Pidgey, would you convert the oz to grams for us?


----------



## Pidgey (May 20, 2005)

In weight terms, it'd be like 90 grams, so it's either a micro-pigeon breed, a typo, a bad scale or one very emaciated pigeon.

Pidgey


----------



## Pidgey (May 20, 2005)

Anyhow, those birds aren't likely to feel any hunger or thirst getting 24 milliliters of formula, three times per day. You'd almost have to stop for a day or two for them to actually work up enough hunger to start eating on their own. Incidentally, I've seen a lot of long rods when the birds are being fed a lot of Kaytee so I'm not sure that the fecal results would be very valid under the circumstances.

Pidgey


----------



## Msfreebird (Sep 23, 2007)

Pidgey said:


> In weight terms, it'd be like 90 grams, so it's either a micro-pigeon breed, a typo, a bad scale or one very emaciated pigeon.
> 
> Pidgey


A little of all 3. Some of my hens are VERY Petite (even the eggs were tiny), they are emaciated (breast bone protruding), and the postage scale at work didn't work so I had to weigh her on the dog scale (not accurate - 3 oz).
My smallest hen came out of an egg no bigger than a large grape. Her parents abandoned her upon hatching. She was fostered by an extremely large (my biggest) hen that I had rescued on the side of the road. "Frenchy" was participating in a race when she was attacked by a hawk down the street from the vet hospital that I work at. I took her in (broken/gouged wing) found her owner through the bands on her legs and called him. Seems she was headed back home to Quebec! The owner told me that if I wanted to nurse her back to health I could keep her. "Frenchy" raised this itty bitty baby no bigger than your thumb nail as her own. "Baby" is full grown now and not much bigger than a morning dove. Very sleek and petite - but tough. (Frenchy's wing healed but she can't fly, she has a "handicap ramp" to the top perch!)


----------



## Pidgey (May 20, 2005)

Well, then, it looks like all we've really got to go by for weight is guesses. Just out of curiosity, have they put any weight back on since you've started feeding them? Another thing you might do is get a cheap plastic kitchen scale from your local grocery store--those work pretty well.

Pidgey


----------



## Maggie-NC (Jun 22, 2005)

Most of our mourning doves have weighed anywhere from 90 to 125 grams but a pigeon should still weigh more than that. We have a very petite little hen who never weighs more than about 225 grams. Hopefully, with you feeding yours Exact, she will begin putting on a bit more weight. You can help add weight by using a product called Nutrical. It is specifically made to put on weight for dogs but we have long used it for our pigeons, particularly those that are recuperating.
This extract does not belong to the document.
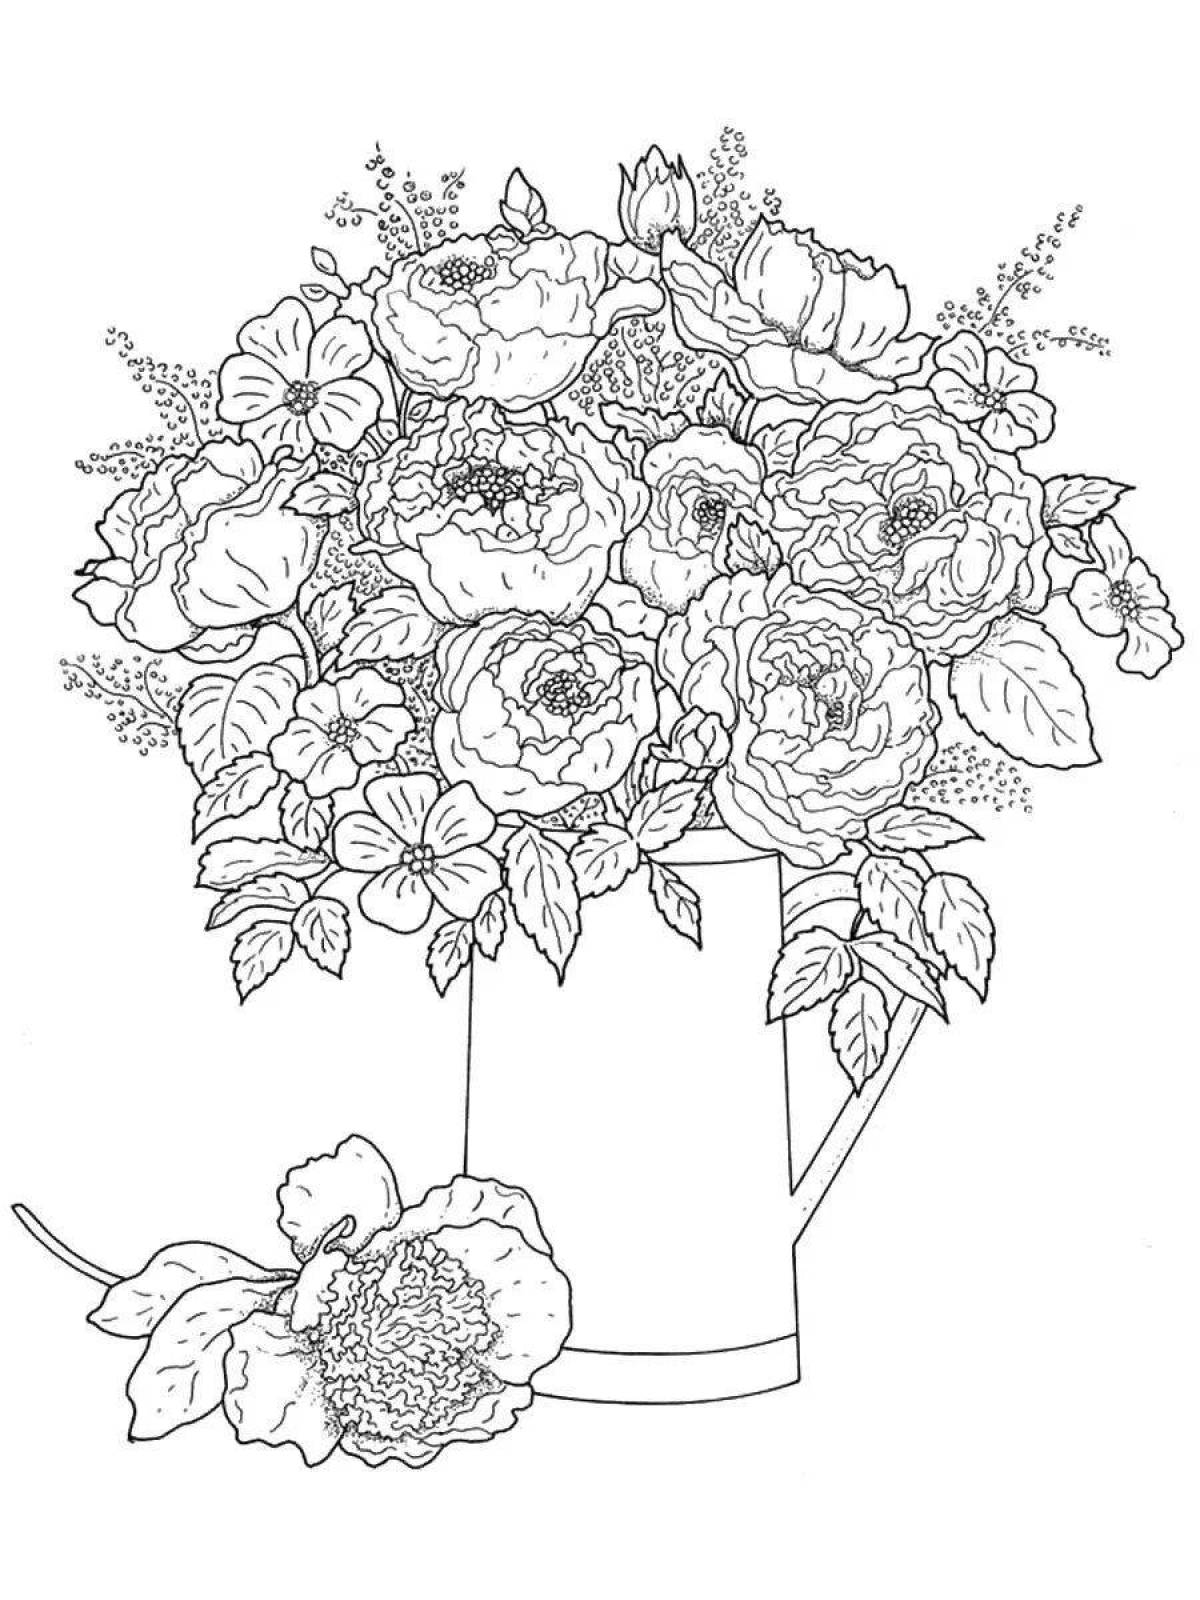 Colouring serene bouquet in a vase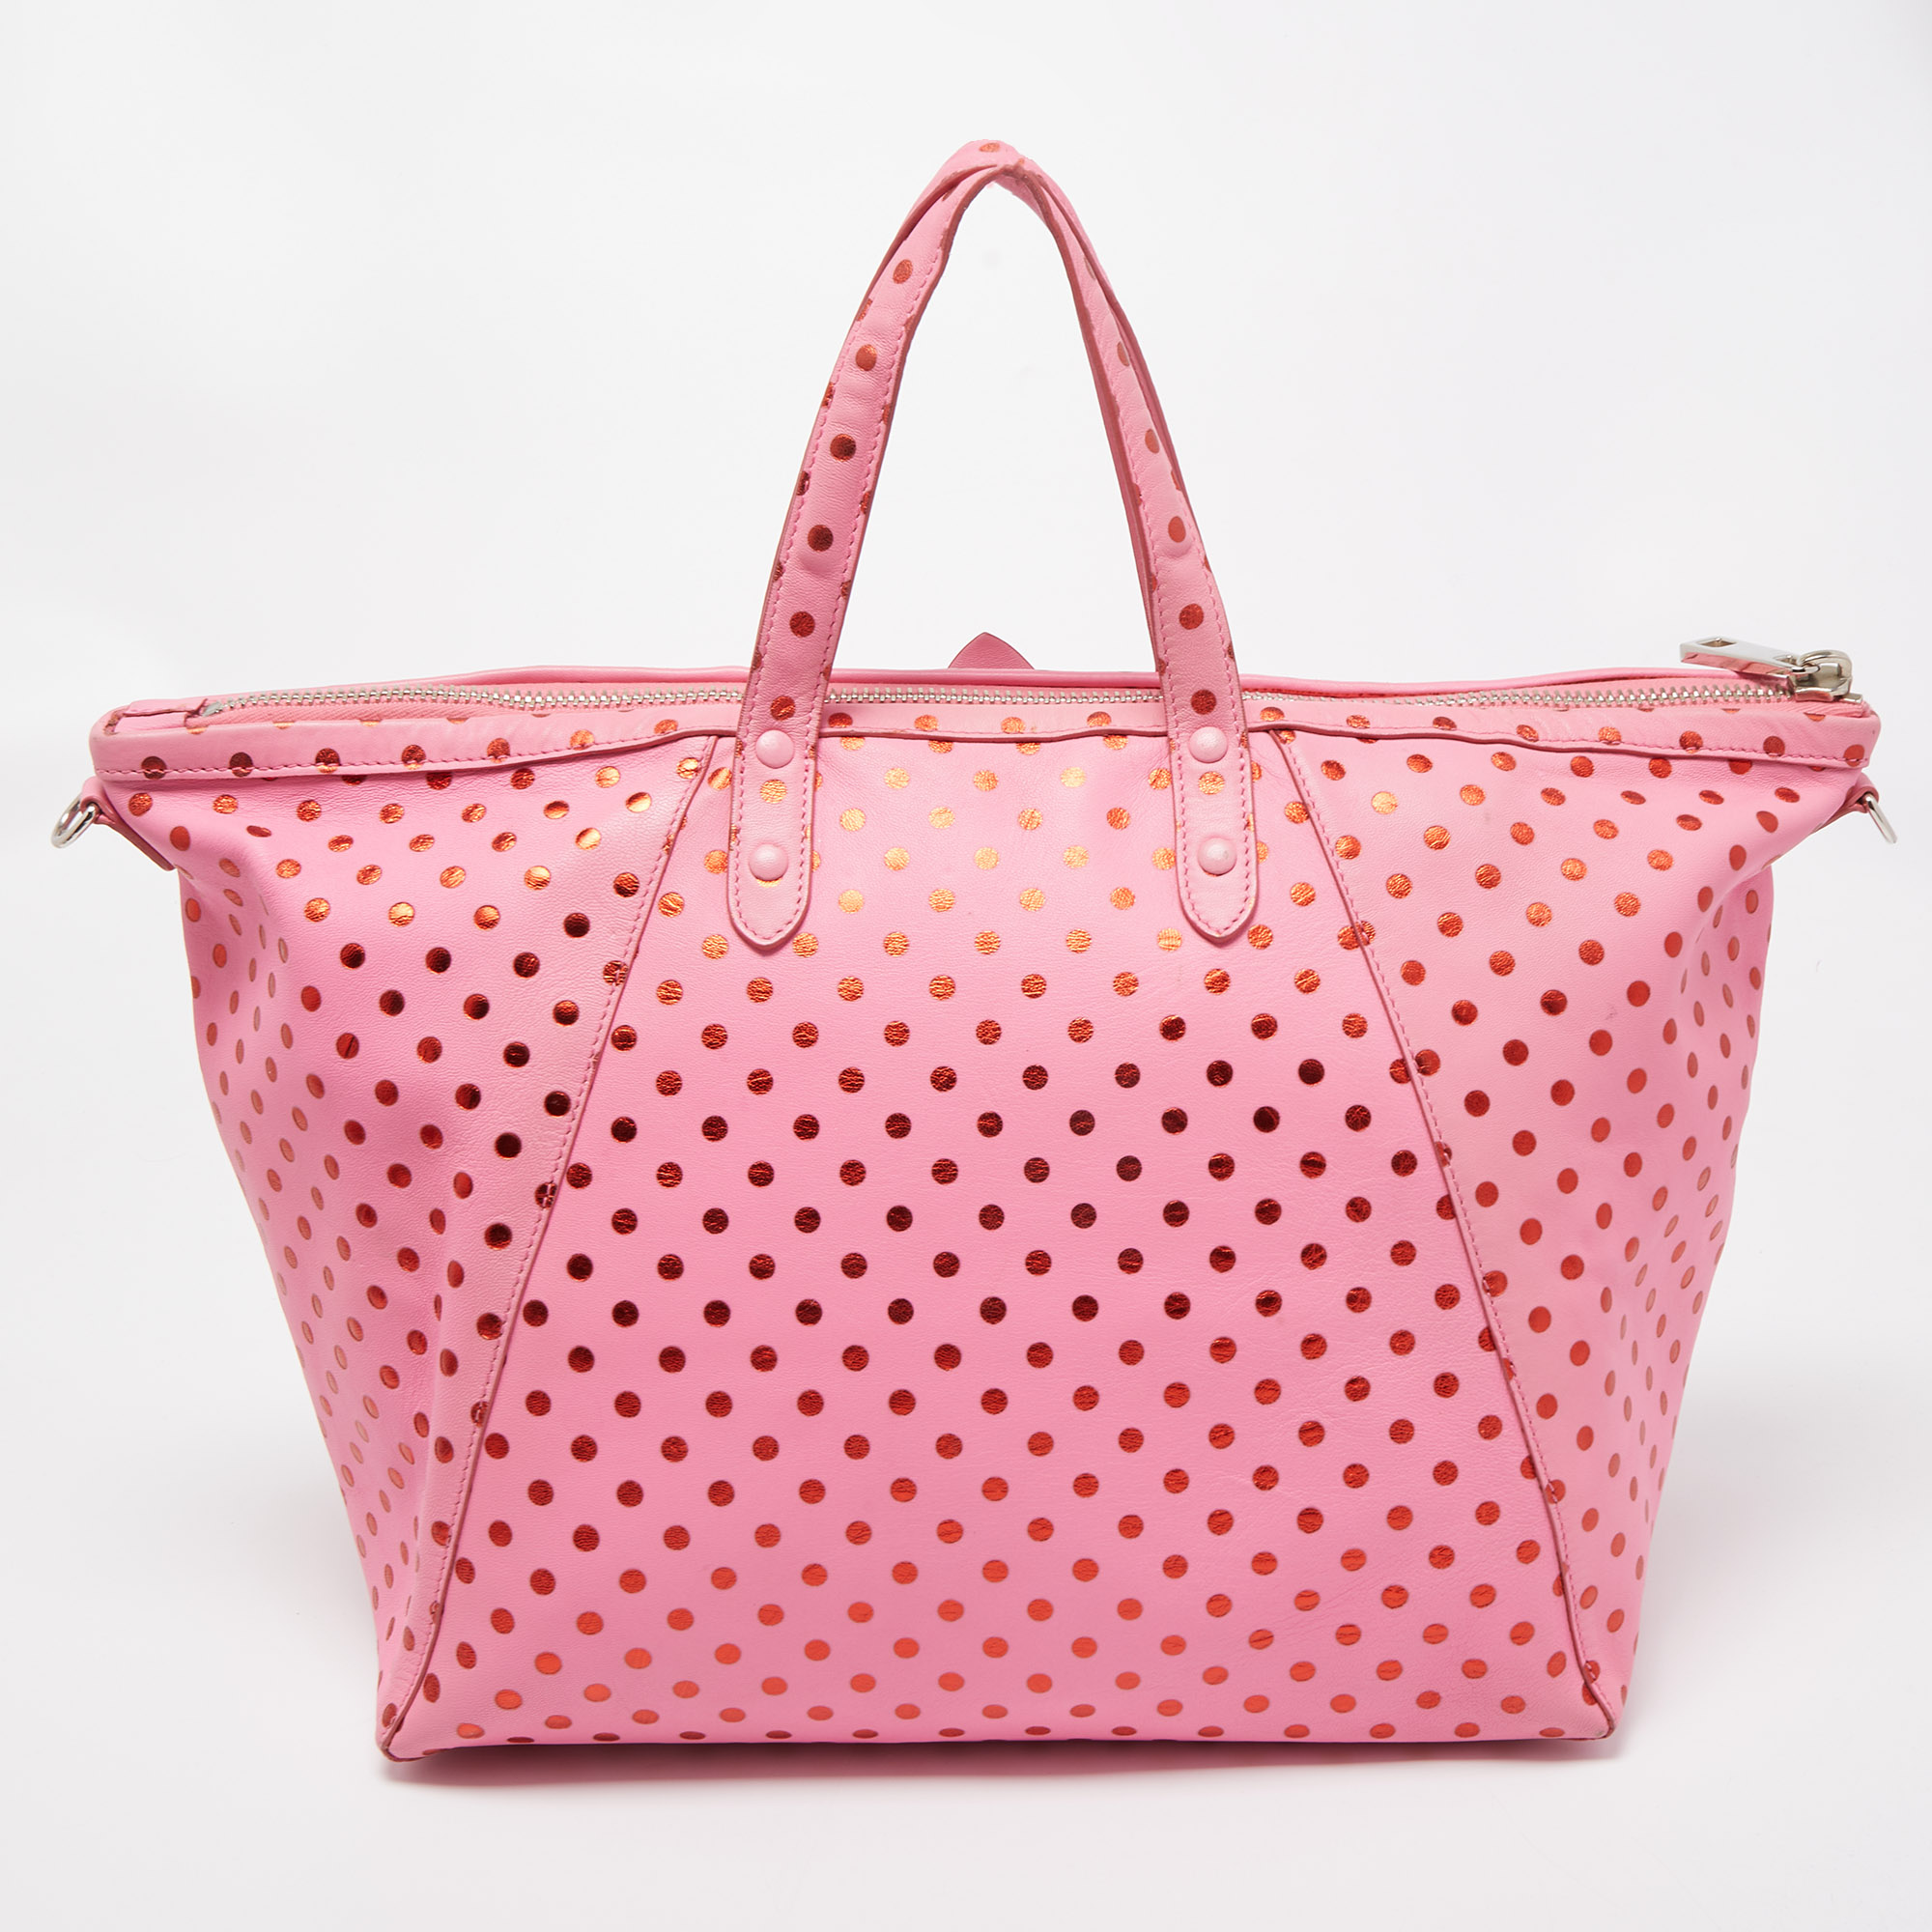 Marc Jacobs Pink Leather Polka Dot Zip Tote

It comes in a tube and you simply squeeze out about 1/2 inch and add it to the formula at least one time per day.


----------



## Msfreebird (Sep 23, 2007)

Pidgey said:


> Well, then, it looks like all we've really got to go by for weight is guesses. Just out of curiosity, have they put any weight back on since you've started feeding them? Another thing you might do is get a cheap plastic kitchen scale from your local grocery store--those work pretty well.
> 
> Pidgey


Just by feeling, #1 has put on some weight. She is starting to pick at food but nothing substantial. I will pick up a scale. Important to have but I just haven't had any sick birds and I relied on the postal scale at work (battery dead) I just put them in a large cage outside my door that I set up for them on the warm days - very warm today. They seem a little more active with more room and hearing the other birds. Walking around and picking at seed. When I bring them inside in their smaller cage they seem very depressed and just sit there "hunched". I'm just very baffled. Never had this problem before.


----------



## Msfreebird (Sep 23, 2007)

Lady Tarheel said:


> Most of our mourning doves have weighed anywhere from 90 to 125 grams but a pigeon should still weigh more than that. We have a very petite little hen who never weighs more than about 225 grams. Hopefully, with you feeding yours Exact, she will begin putting on a bit more weight. You can help add weight by using a product called Nutrical. It is specifically made to put on weight for dogs but we have long used it for our pigeons, particularly those that are recuperating. It comes in a tube and you simply squeeze out about 1/2 inch and add it to the formula at least one time per day.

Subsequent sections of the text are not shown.